Provided material -
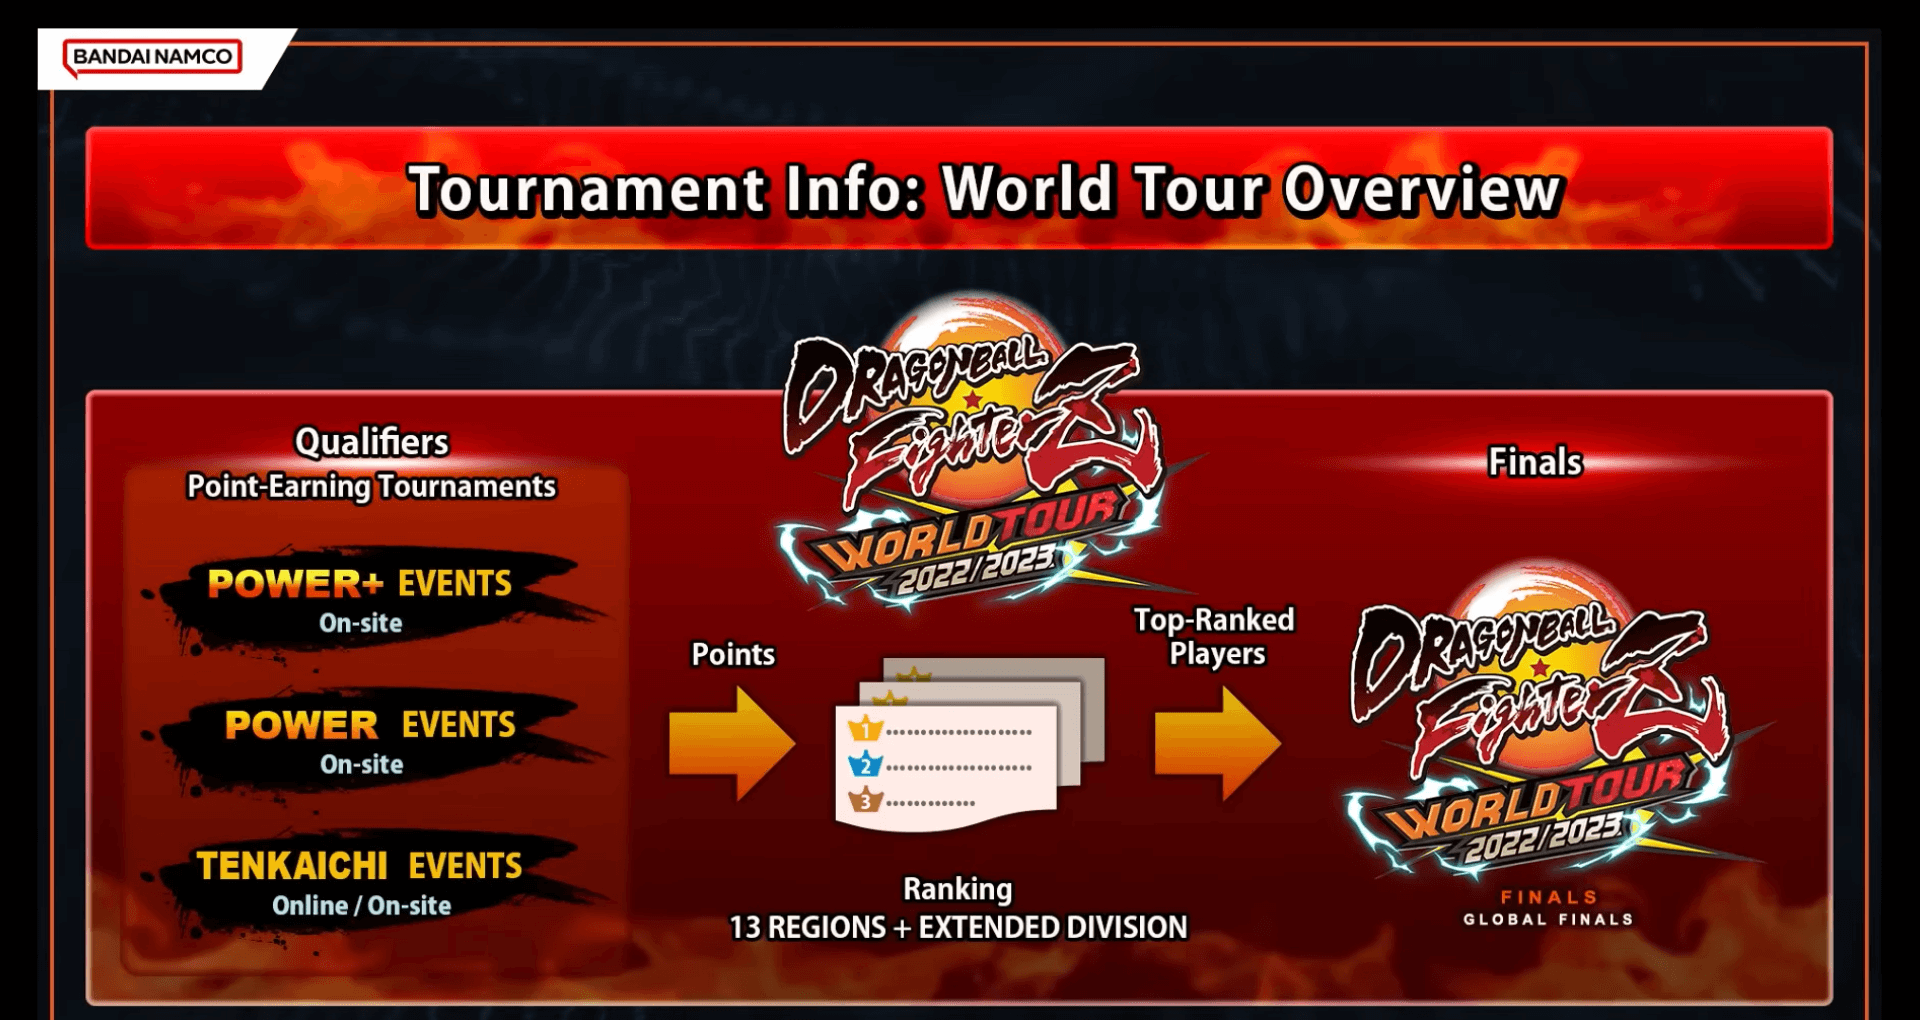 DBFZ World Tour 2022/2023: Top Players in All Regions
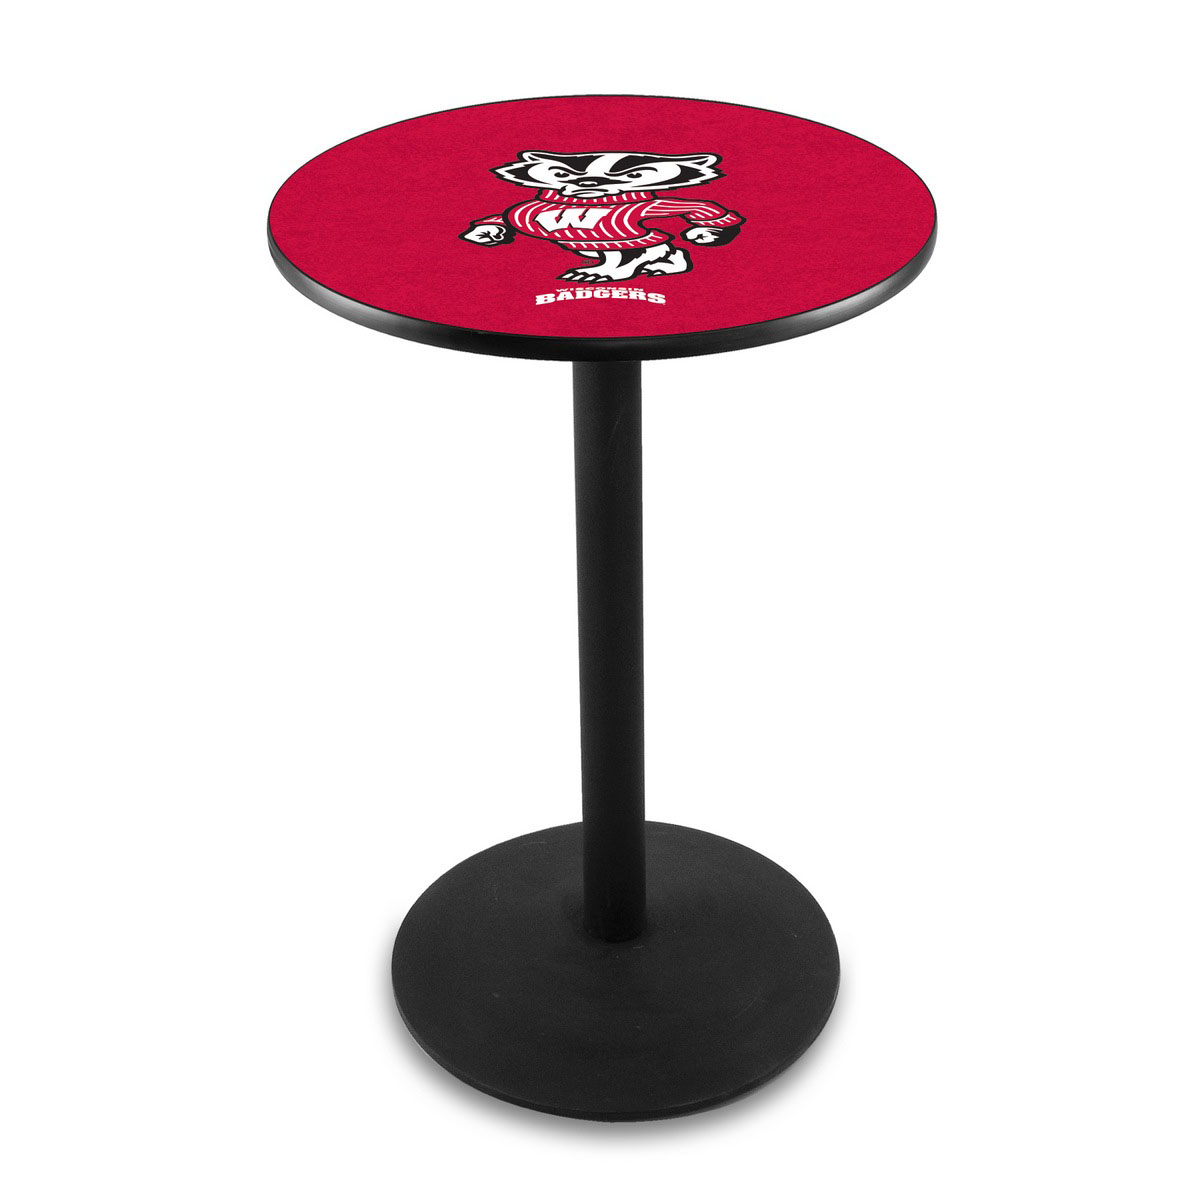 University Of Wisconsin (badger) Logo Pub Bar Table With Round Stand
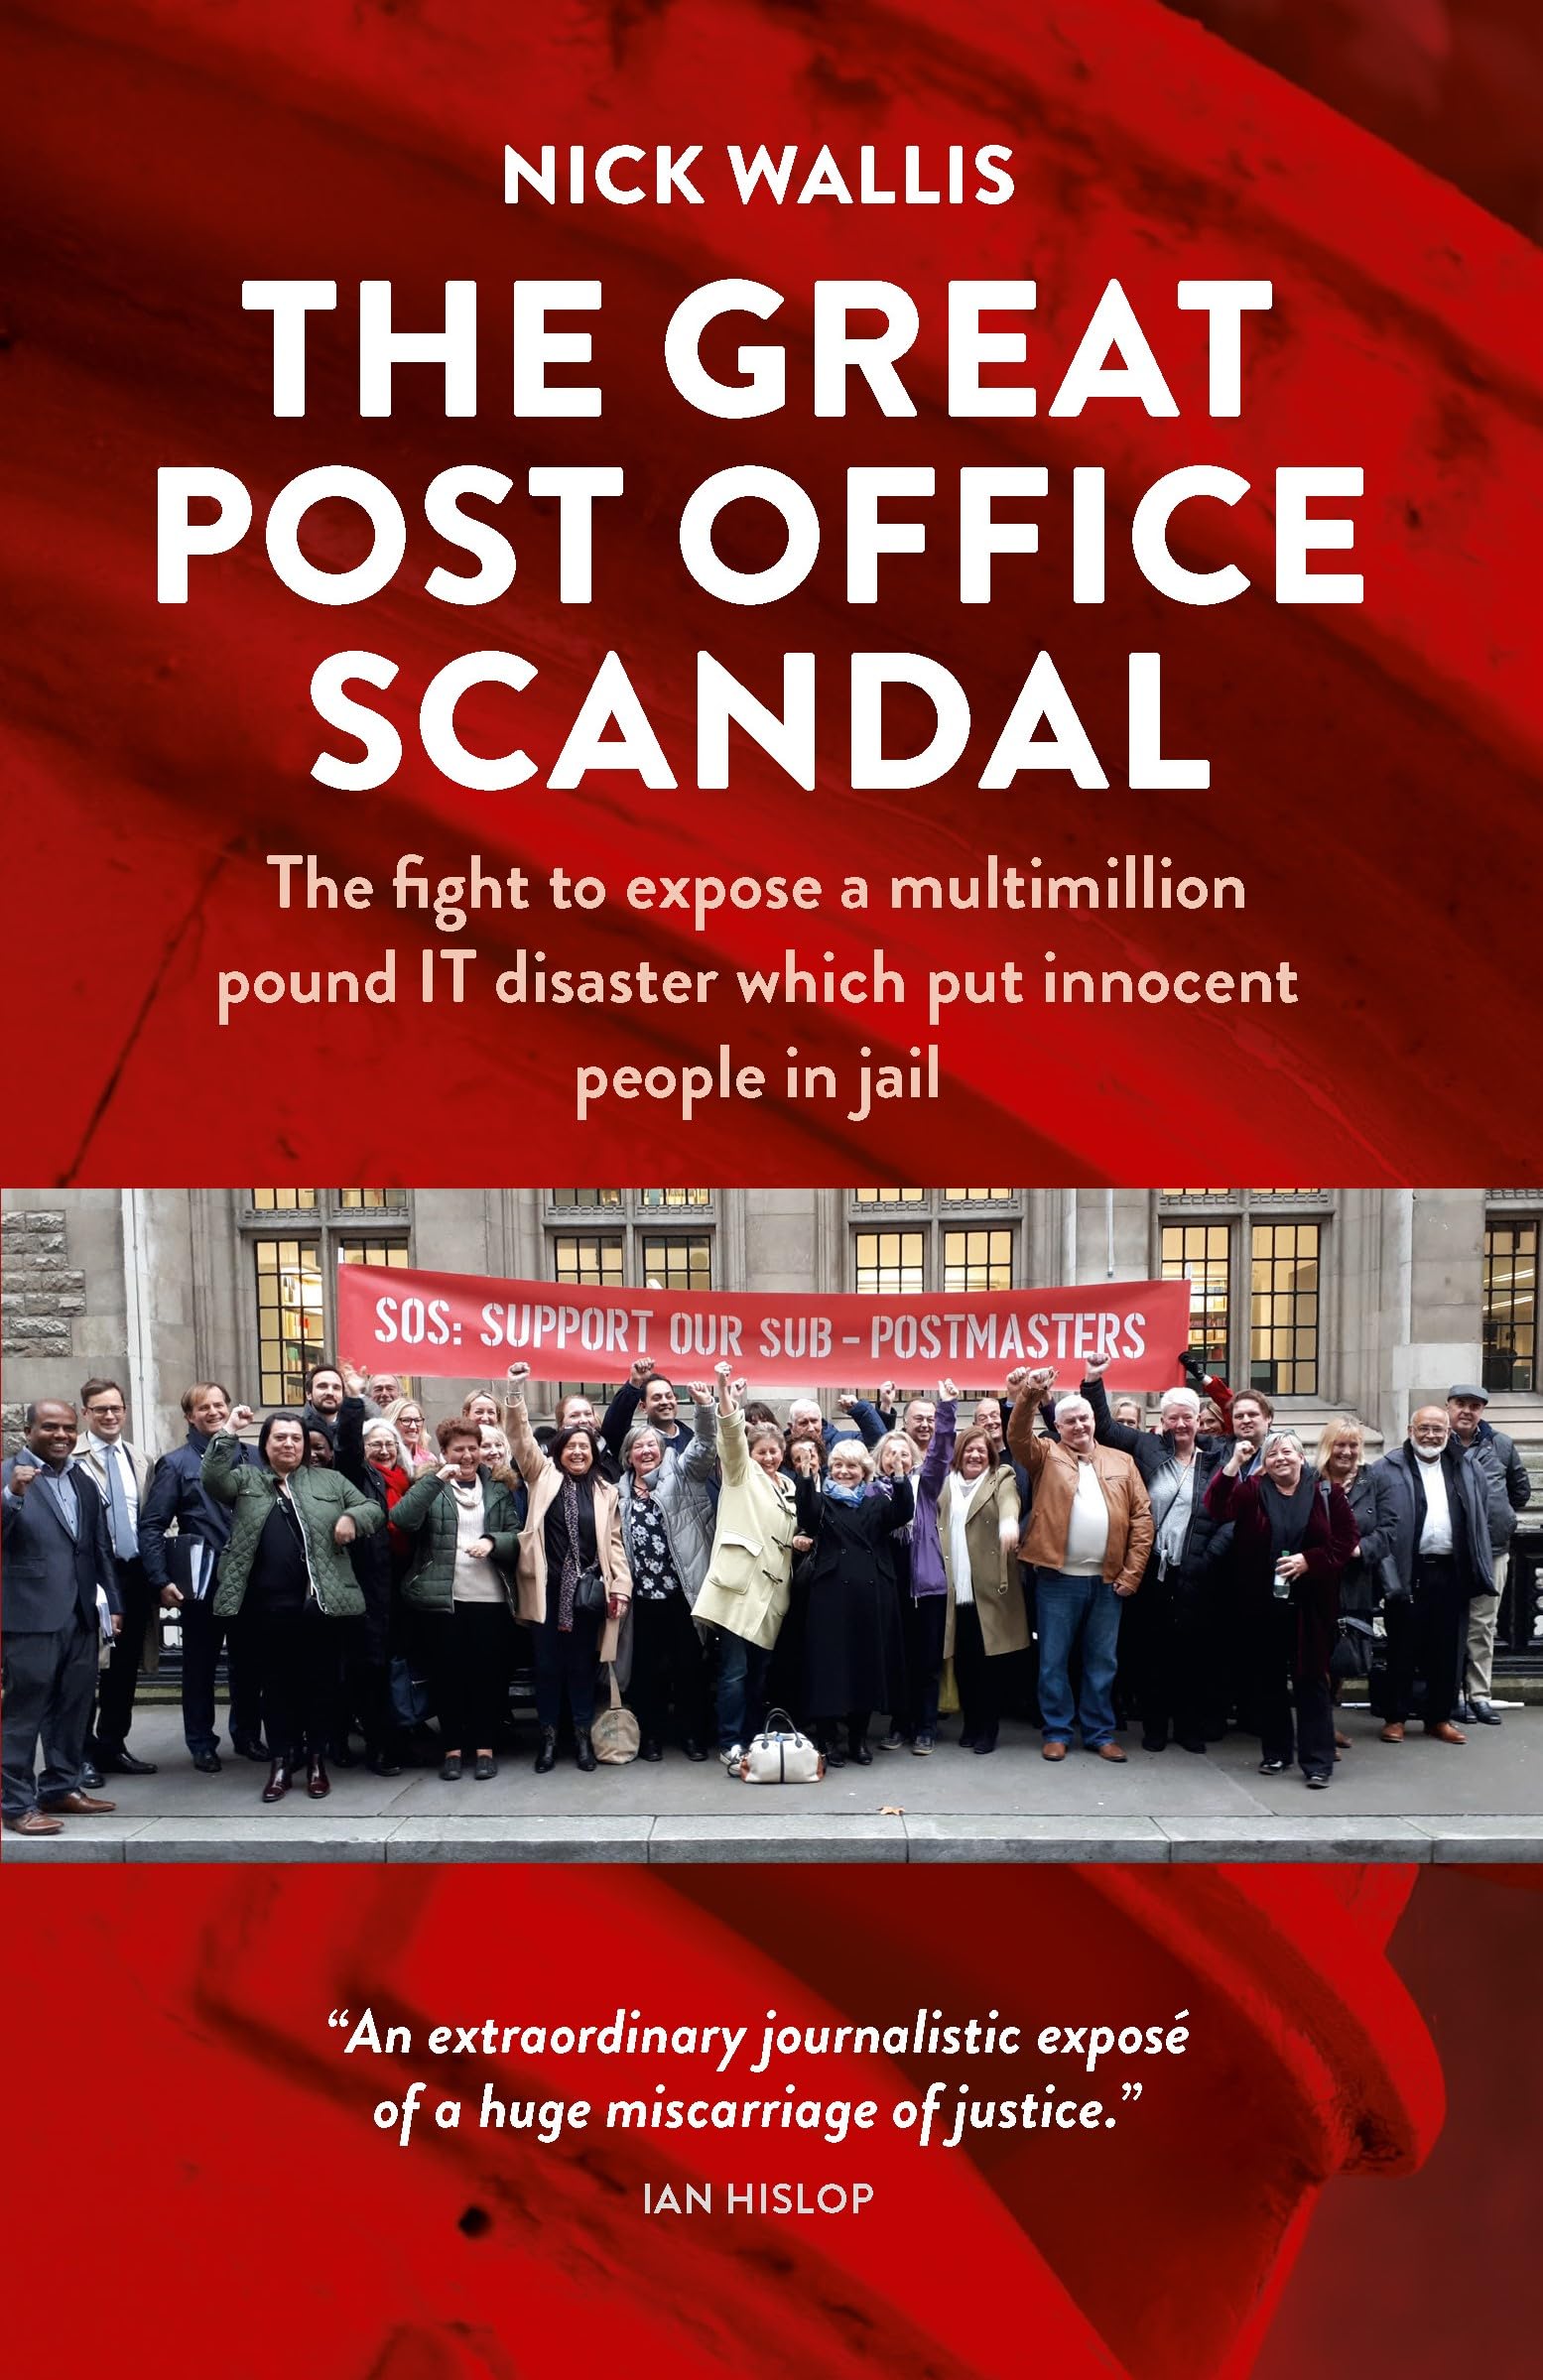 The Great Post Office Scandal: The story of the fight to expose a multimillion pound IT disaster which put innocent people in jail
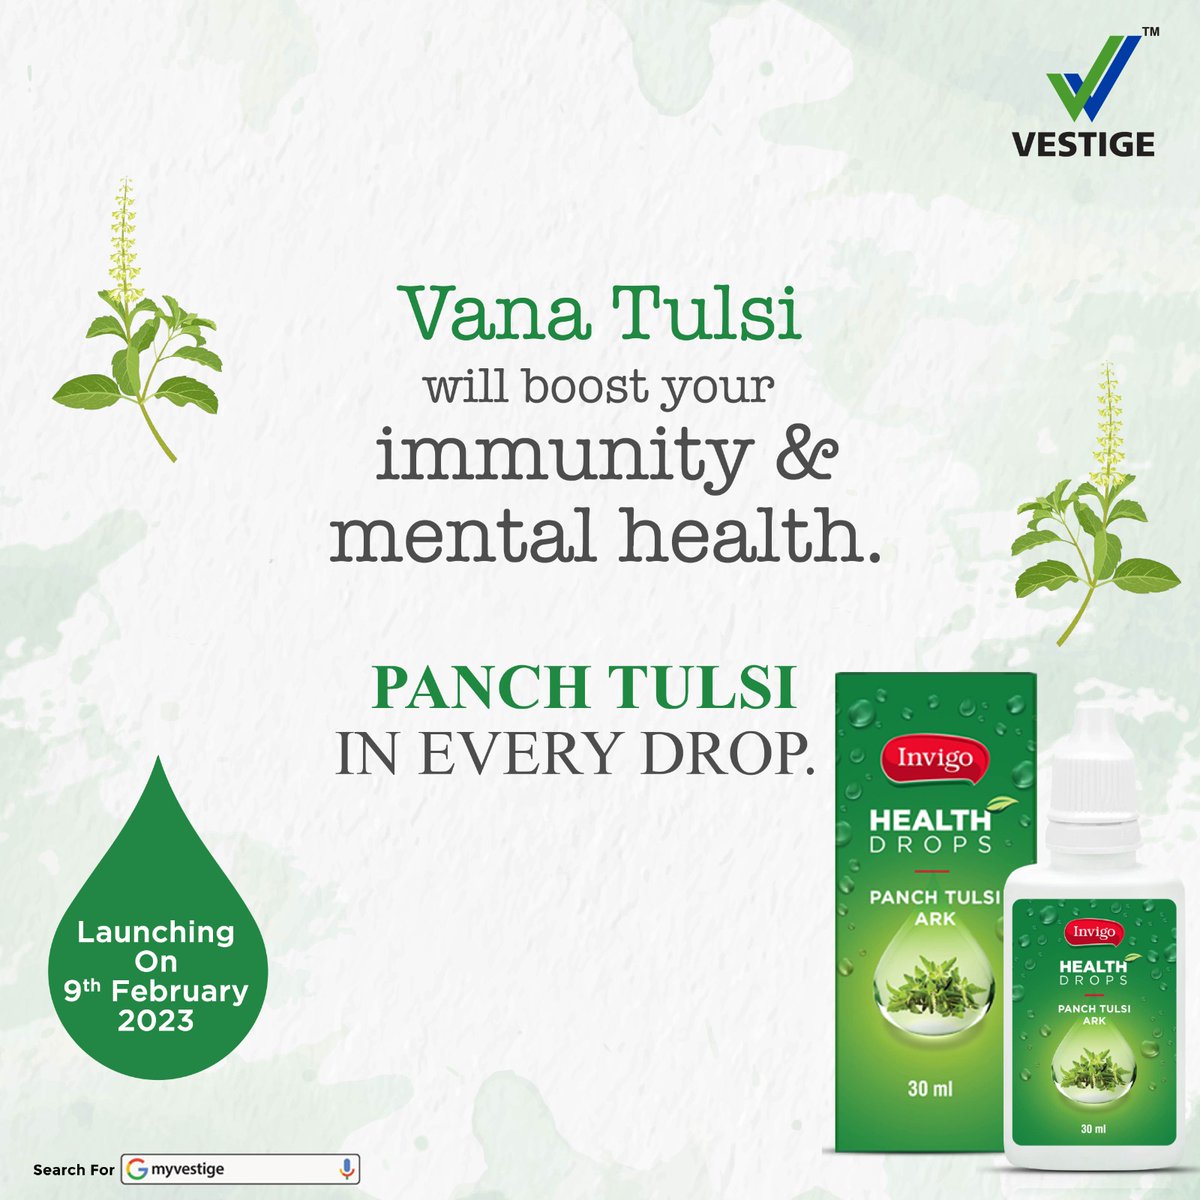 Increase your immunity and improve your mental health with all the goodness in a single drop of Panch Tulsi Ark.Launching on 9th February 2023.

#WishYouWellth #panchtulsiark #tulsidrop #invigo #comingsoon

Instructions for the task -
Set down exactly, line for line, the data from the line that contains "The Great Post" through its last line, keeping pictures out.

Task result -
 The Great Post Office Scandal: The story of the fight to expose a multimillion pound IT disaster which put innocent people in jail
 Increase your immunity and improve your mental health with all the goodness in a single drop of Panch Tulsi Ark.Launching on 9th February 2023.

#WishYouWellth #panchtulsiark #tulsidrop #invigo #comingsoon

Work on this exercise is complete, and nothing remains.